** Opening GIVEN MATERIAL block **

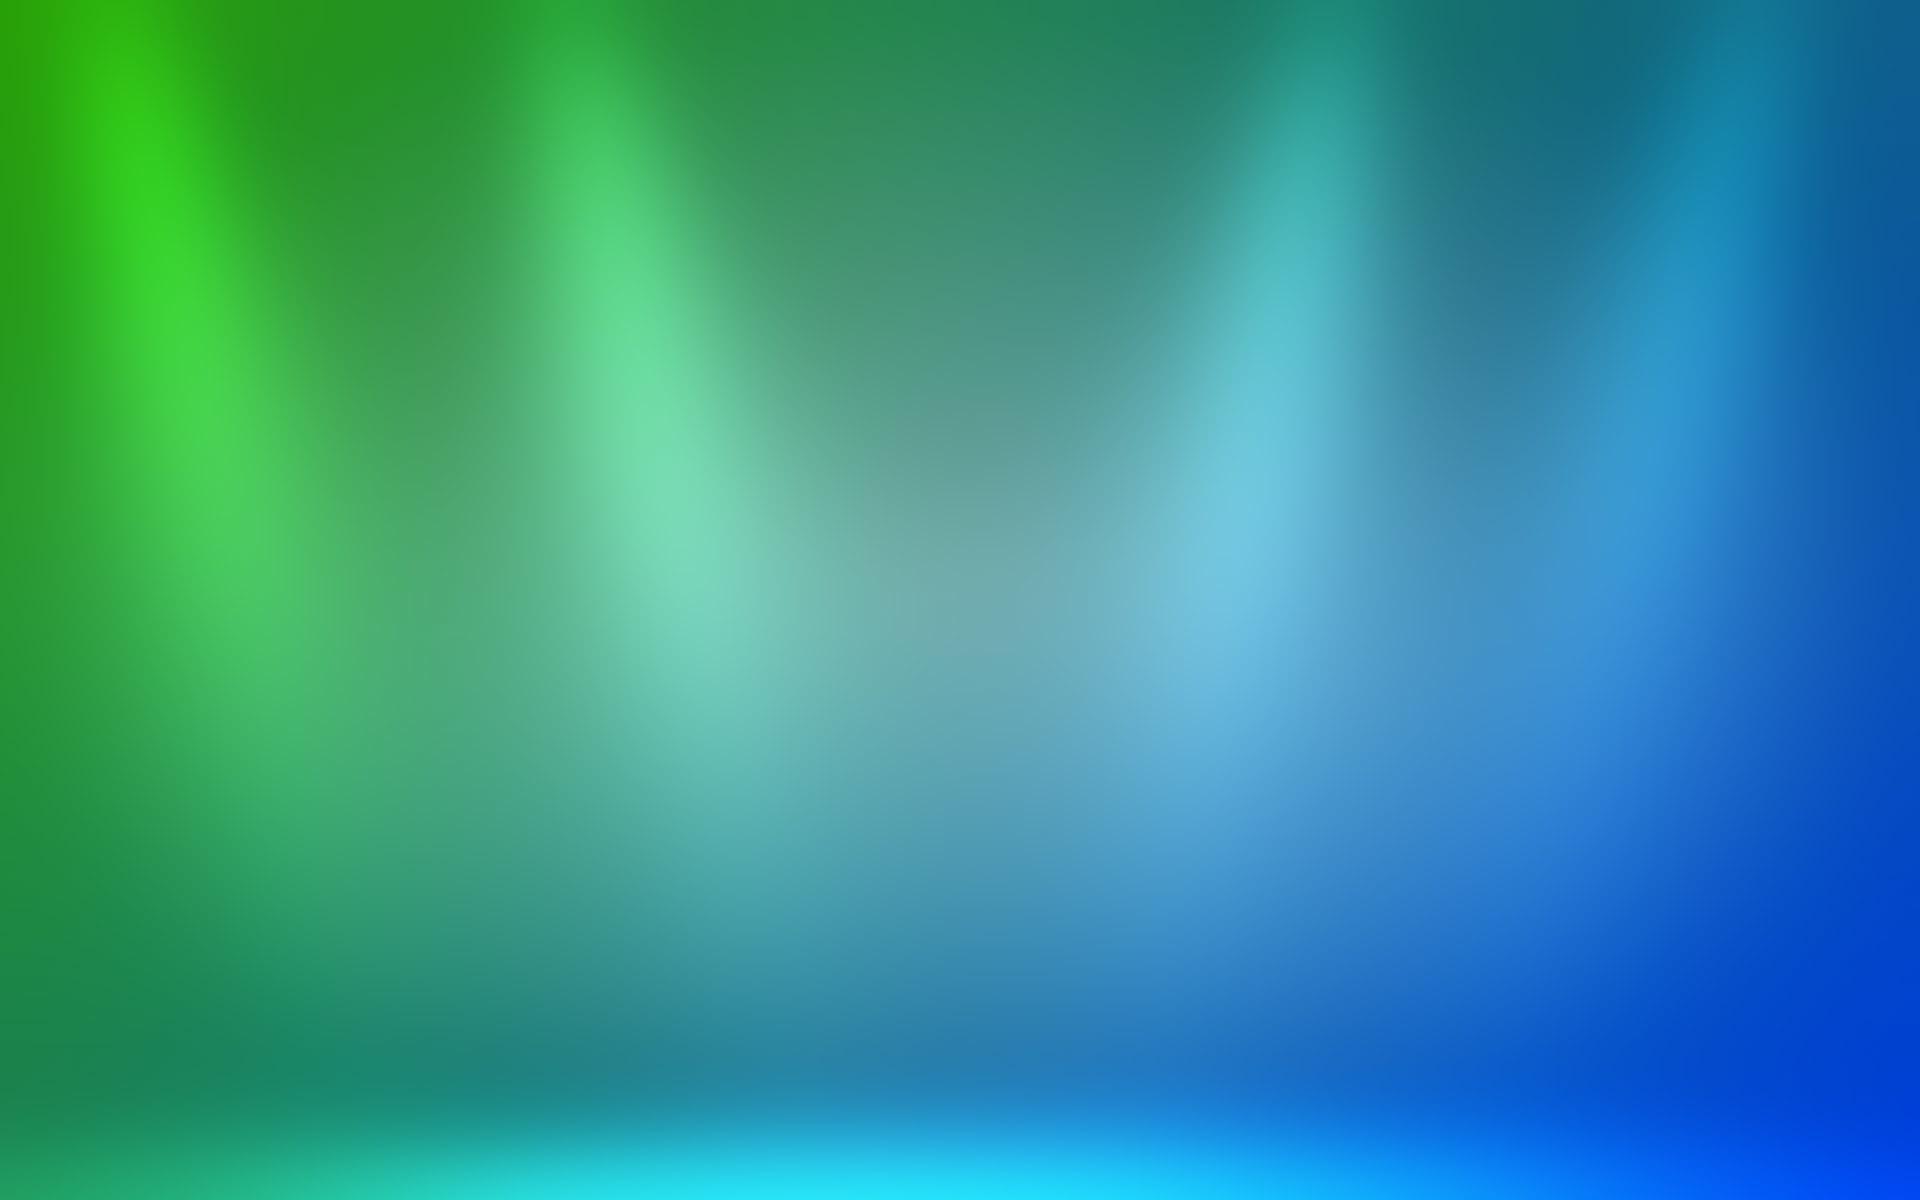 Cute Blue Stripes Wallpaper
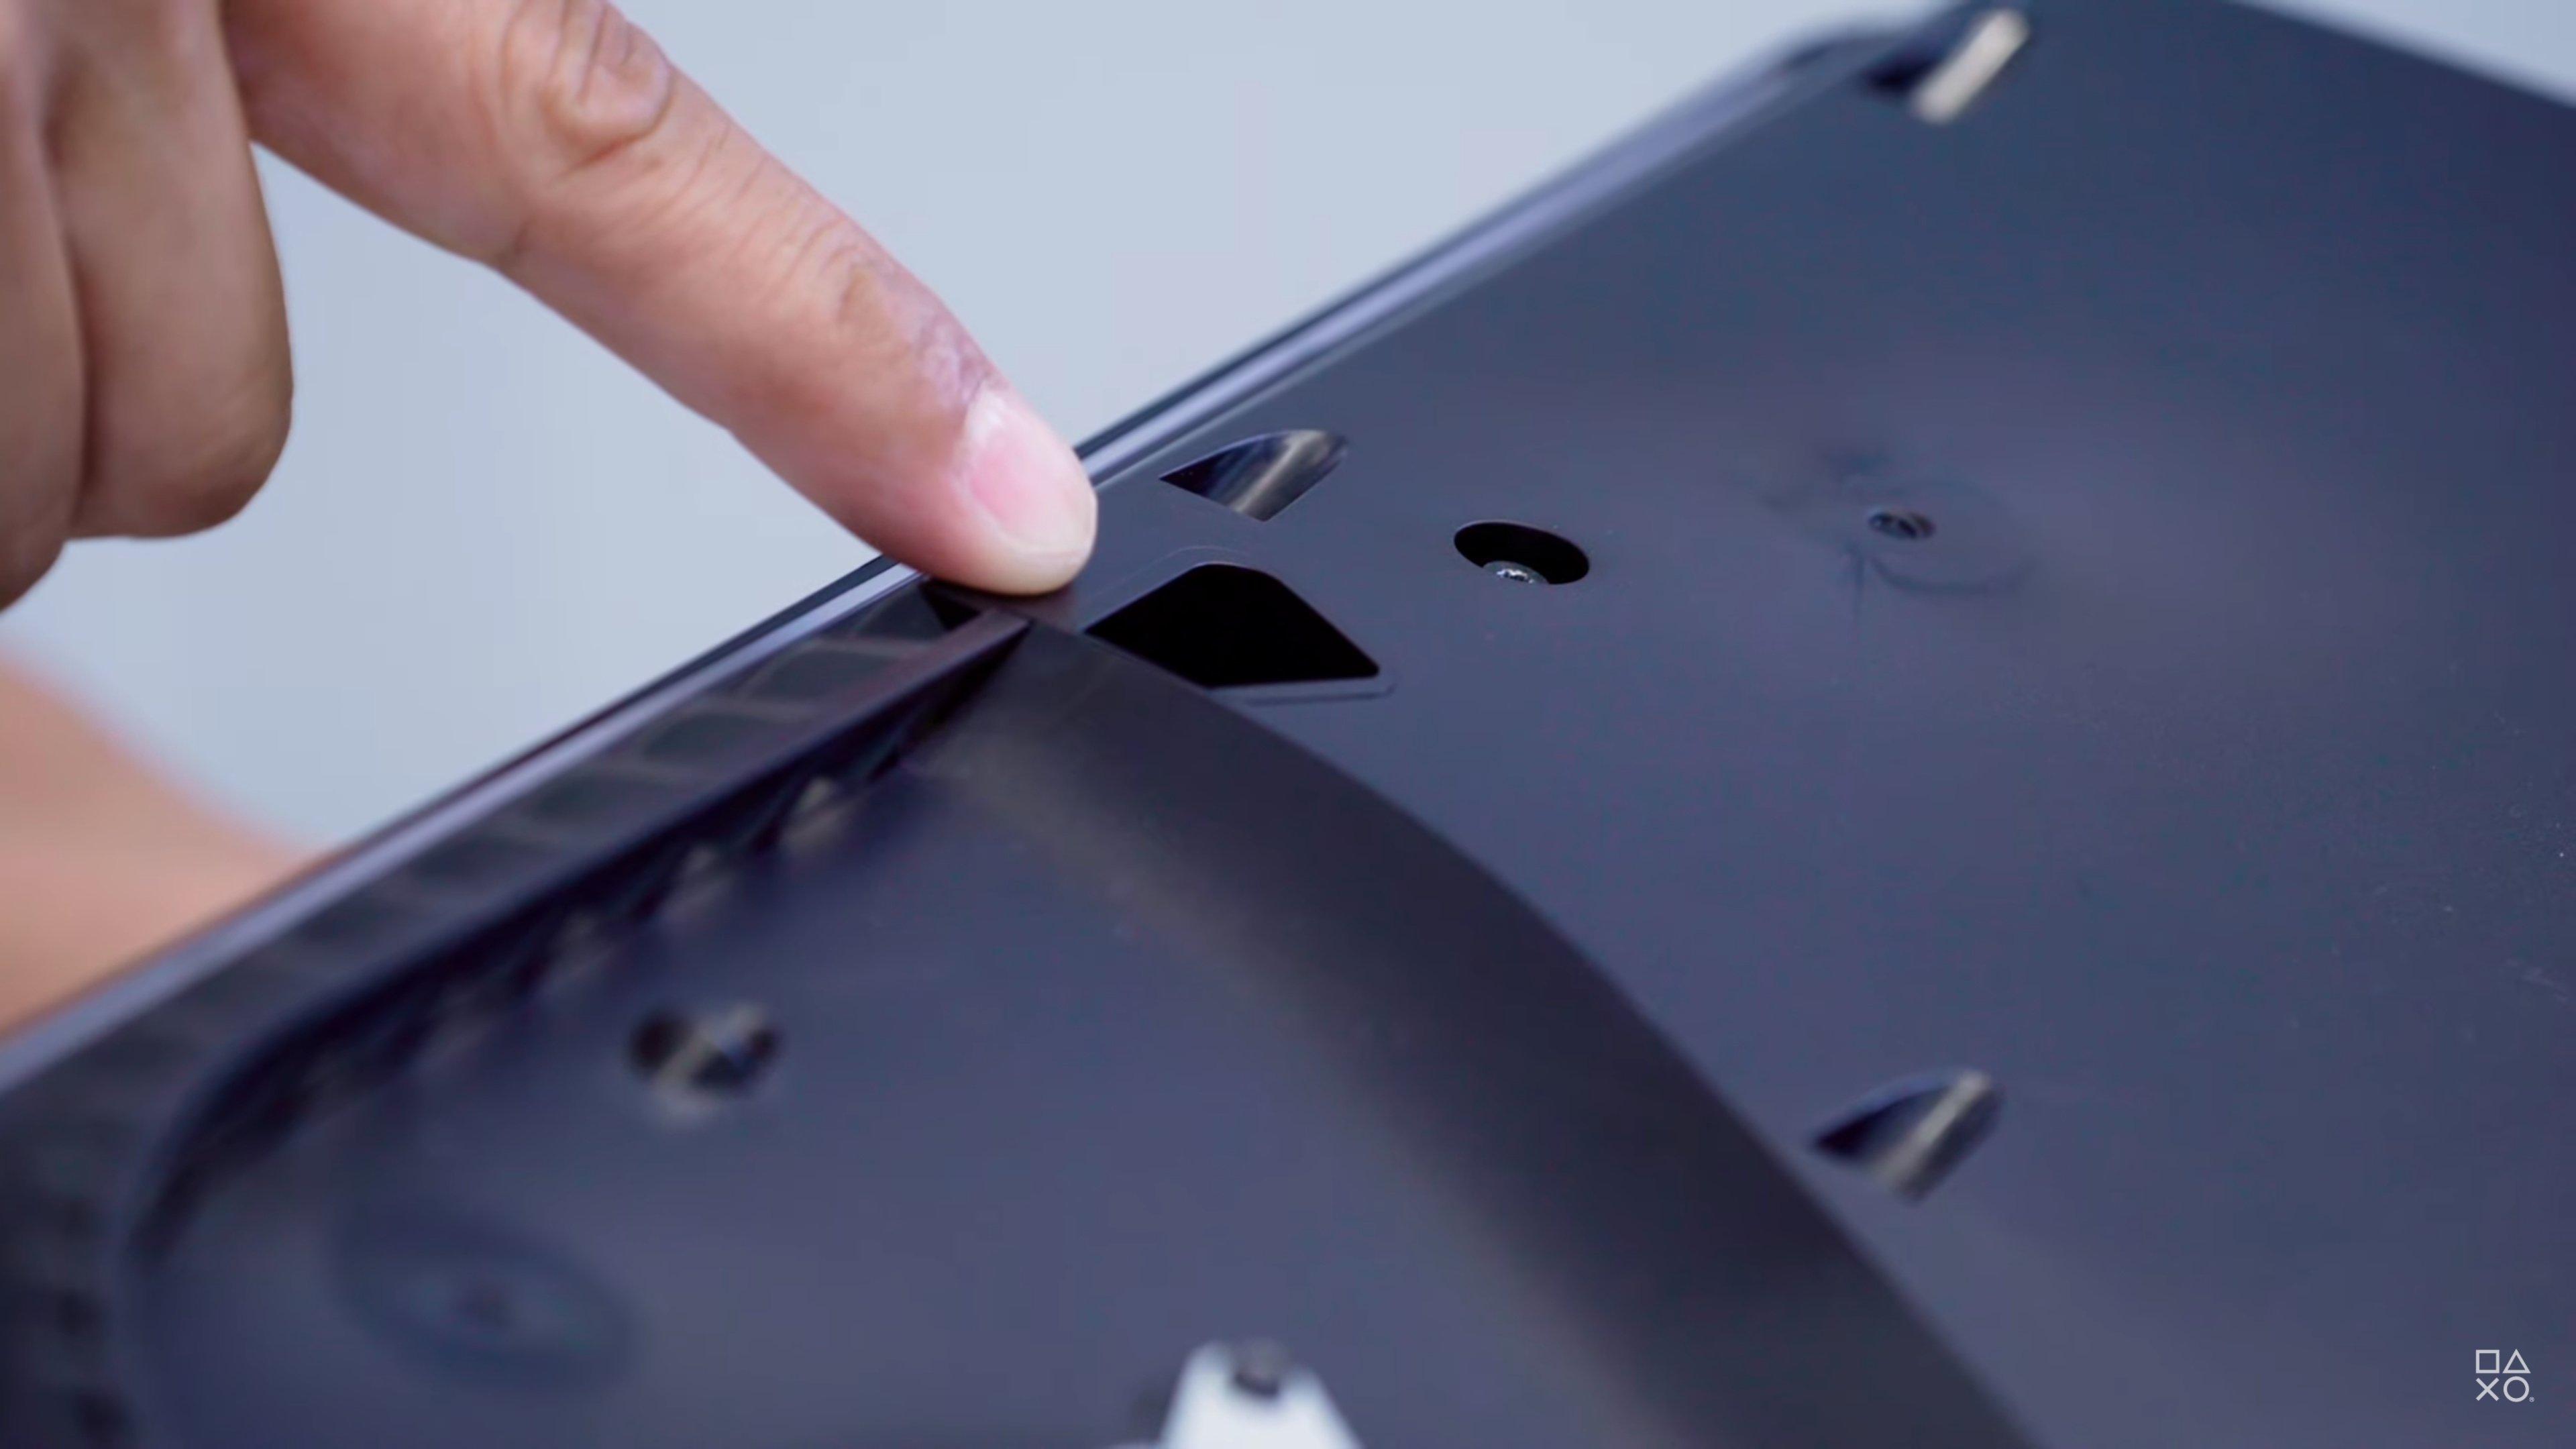 PS5 的清灰孔之一,用吸尘器可以清灰。
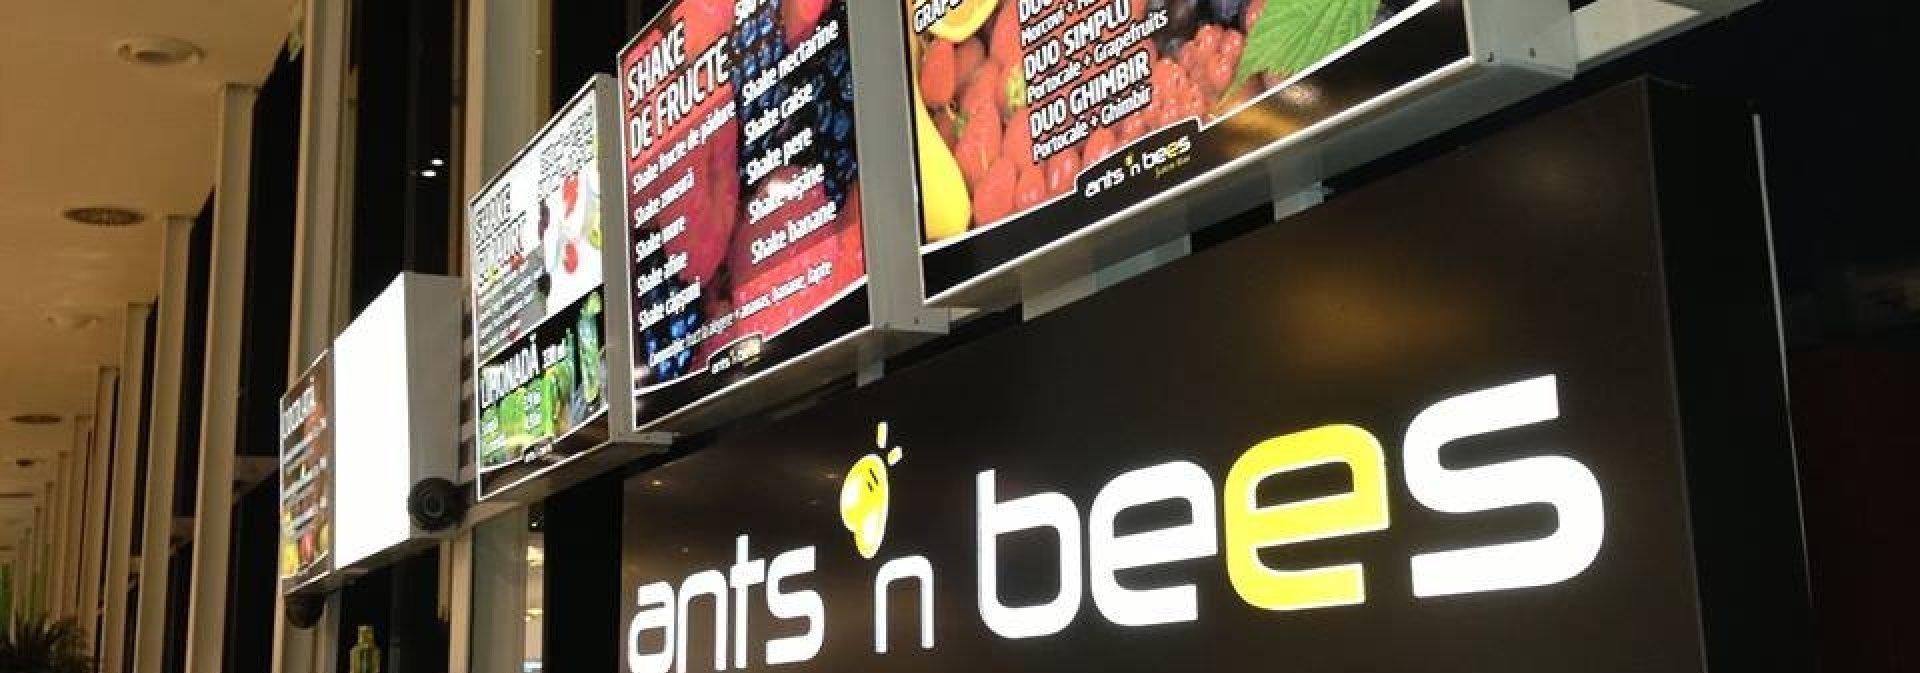 Ants n Bees, Iași

** Closing GIVEN MATERIAL block **

PROBLEM DETAILS:
Leaving images out, please output every line of the data exactly.

SOLUTION:
 Cute Blue Stripes Wallpaper
 PS5 的清灰孔之一,用吸尘器可以清灰。
 Ants n Bees, Iași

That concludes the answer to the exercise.